Lost with masterful storyteller
Every writer of fiction or nonfiction has a lot of choices to make, but one of the biggest is what order to reveal their information in.
It’s easy to forget that writers, particularly nonfiction writers, know the whole story before they write page one and there is, I can tell you from experience, a great urge to hook the reader right away with your best, most compelling and, if the subject matter warrants it, most poignant stuff. Or failing that, at least the bits you worked hardest to get.
But Harley Rustad did not do this. Rustad made a bet that his readers would stick around if he left out the one thing that would make me, at least, feel for the man who disappeared in India in 2016 until almost two-thirds of the way through the book. He also bet he could start slow with a basically unsympathetic main character and carefully build sympathy alongside the ultimately tragic arc of his life.
Those are dangerous bets to make, but it turns out it was absolutely the right call. Because Rustad proves himself here to be a masterful storyteller, unfolding character, plot, suspense, pathos, bathos and half a dozen other Greek nouns so meticulously that you’re not going to want to put this book down.
“Lost in the Valley of Death” is the story of Justin Alexander Shetler, who was born in 1981. It made him the perfect age to grow up to be the sort of annoying social media character who leaves his profitable life in the big city behind to find himself — and as many followers as he can pick up along the way — to travel. It’s the type of nomadic life that only extreme and inevitably unacknowledged privilege can allow.

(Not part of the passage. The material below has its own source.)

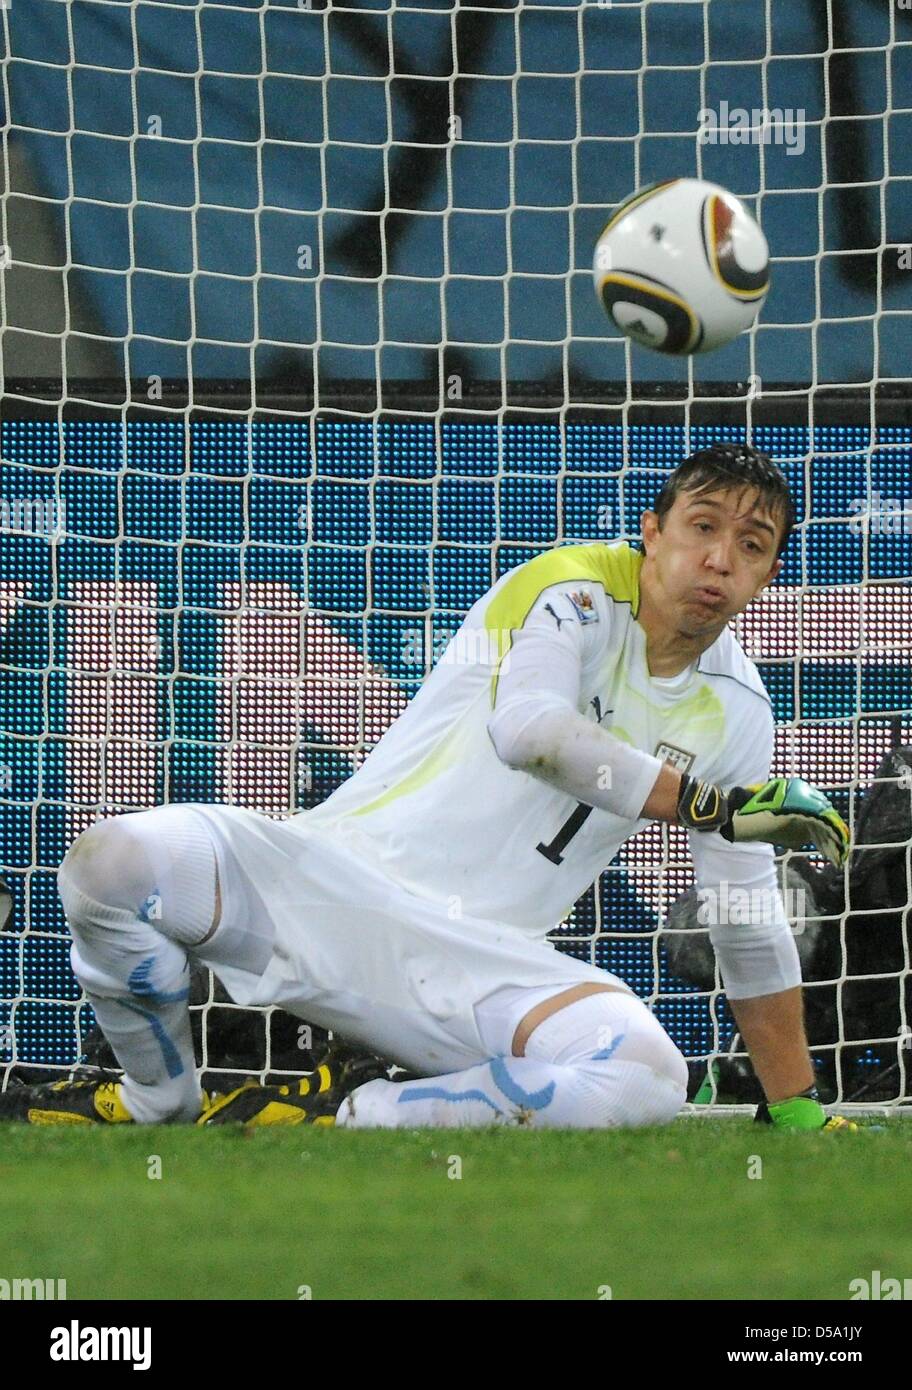 Uruguay's goalkeeper Fernando Muslera in action during the 2010 FIFA World Cup third place match between Uruguay and Germany at the Nelson Mandela Bay Stadium in Port Elizabeth, South Africa 10 July 2010. Germany won 3:2. Photo: Marcus Brandt dpa - Please refer to http://dpaq.de/FIFA-WM2010-TC Stock Photo

Shetler always wanted to be someplace and someone he wasn’t. Seeing “The Last of the Mohicans” at an impressionable age led to the very white Shetler wanting to see the world through Indigenous eyes. When that didn’t work, he began trekking around the world, taking pride in the extremity of his efforts and self-deprivations, at one point praising the absence of Wi-Fi in one of his remote locations … in an Instagram post to his more than 10,000 followers.
Shetler’s search for meaning mixed with a need for attention and affection led him to ever more extreme adventures, culminating in the Himalayas, from which he never returned.
Once you put the book down and catch your breath, you’ll be left with questions Rustad wisely does not ask outright. Like what is it about First World life that leads so many to seek meaning in the developing world? And what is it about white people that makes us so frickin’ unhinged?
Partial answers are implied in the book, just as partial resolutions to the mystery of Shetler’s disappearance are. But like any good book, and this is a very good book, it provides no real answers, no closure, no meaning. It’s just life, as seen through the lens of one of its sadder stories.